Have a joint set object that lets you fetch all joint poses at once #37

Closed Manishearth closed 4 years ago

Manishearth commented 4 years ago

During discussion of https://github.com/immersive-web/webxr-hand-input/pull/32 in today's call it seemed like while everyone wanted to solve the problem of ~200 objects being created per frame, folks didn't want to cache XRJointPoses because it would be unexpected.

OpenXR's API for this returns a single object containing all joint pose info. We could do something similar.

We wish to keep the joint spaces because it's useful to be able to relate them with each other via getPose(), but it would be nice if there were some "all hand joints" object that could be accessed for efficiency.
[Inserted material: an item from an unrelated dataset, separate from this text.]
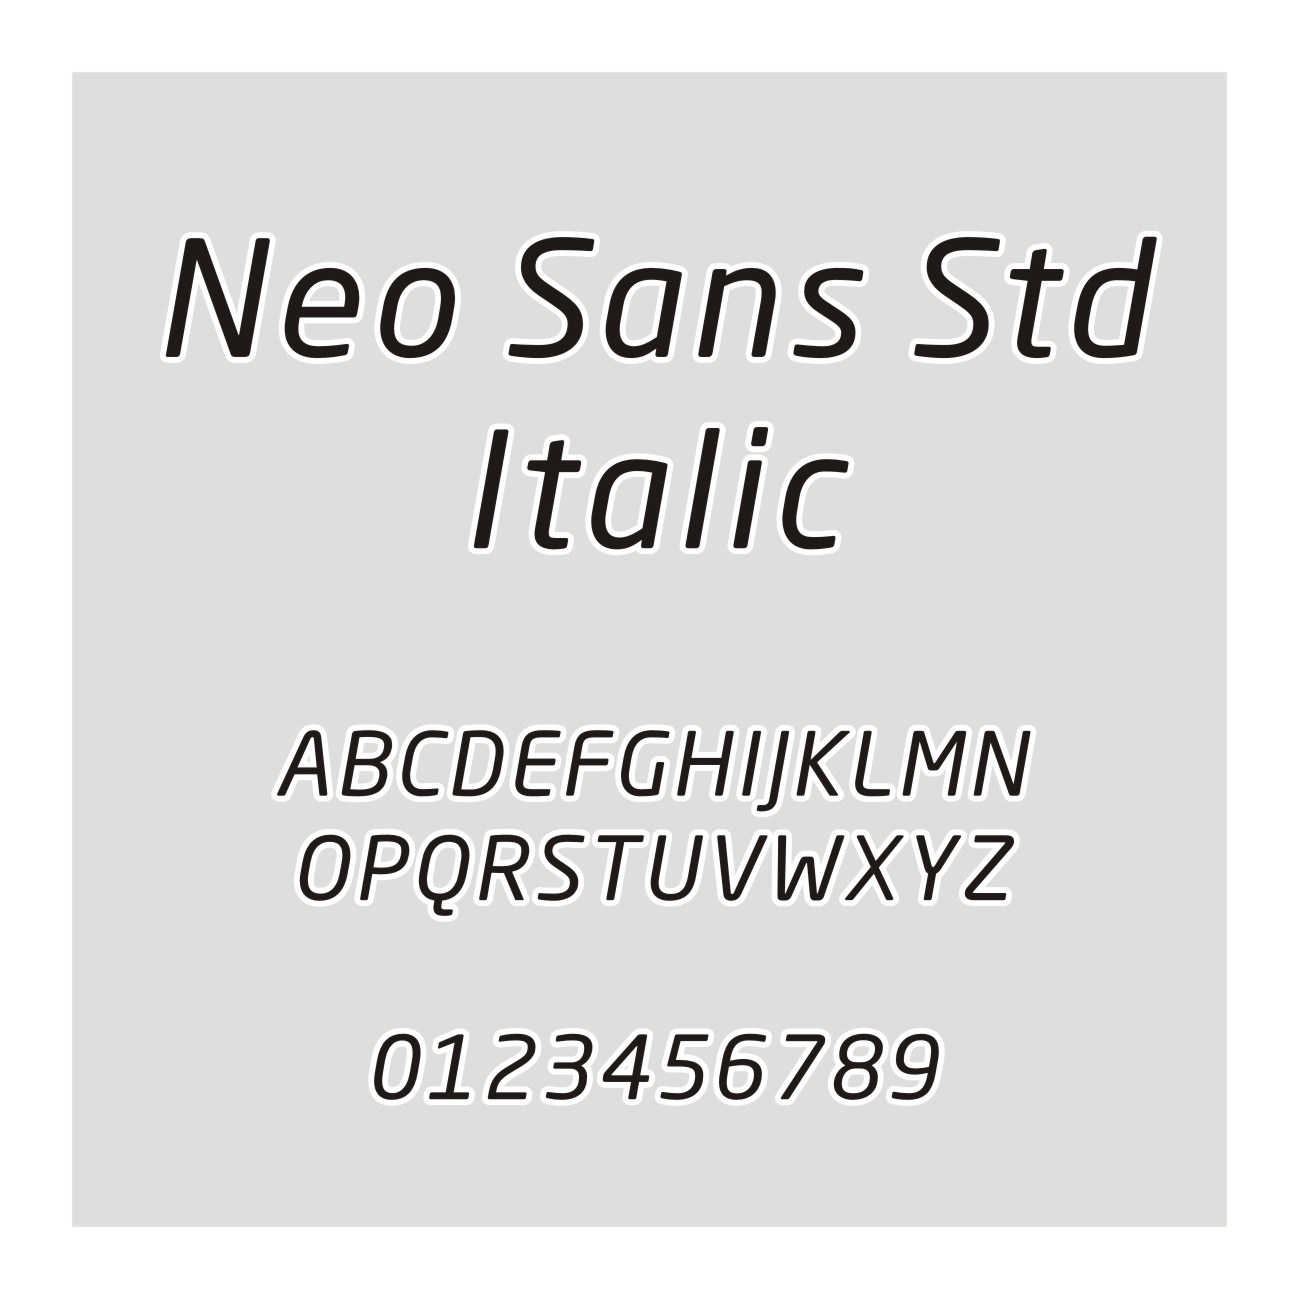 Neo Sans Std Italic

I'm imagining an API like:

interface XRAllJoints {
   constructor(XRHand hand, XRSpace baseSpace);
   void populatePoses(XRframe frame);
   DOMPointgetPosition(unsigned int id);
   DOMPoint getOrientation(unsigned int id);
   Float32Array getTransform(unsigned int id);
   float getRadius(unsigned int id);
}

cc @cabanier @thetuvix @toji

cabanier commented 4 years ago

Is transform needed? It seems a UA can calculate it from position and orientation

void populatePoses(XRframe frame);

We probably should also pass XRHand here.

Manishearth commented 4 years ago

Is transform needed? It seems a UA can calculate it from position and orientation

Right, we'll calculate it for the user, the same way we do for XRRigidTransform. It can be lazily populated.

We probably should also pass XRHand here.

Nah that should be in the constructor

cabanier commented 4 years ago

Is transform needed? It seems a UA can calculate it from position and orientation

Right, we'll calculate it for the user, the same way we do for XRRigidTransform. It can be lazily populated.

The conversion is so easy; we shouldn't add this to the API.

We probably should also pass XRHand here.

Nah that should be in the constructor

Yes, you're right :-)

Manishearth commented 4 years ago

I find it weird that we would return transforms in XRPose but not here, and also would like to avoid people calling new XRRigidTransform(pos, orient).transform

Manishearth commented 4 years ago

A thing to note: my current API does not reduce the JS-system traffic much. If we wish to do that we'd probably have to introduce a way to get large frozen arrays wholesale from the API.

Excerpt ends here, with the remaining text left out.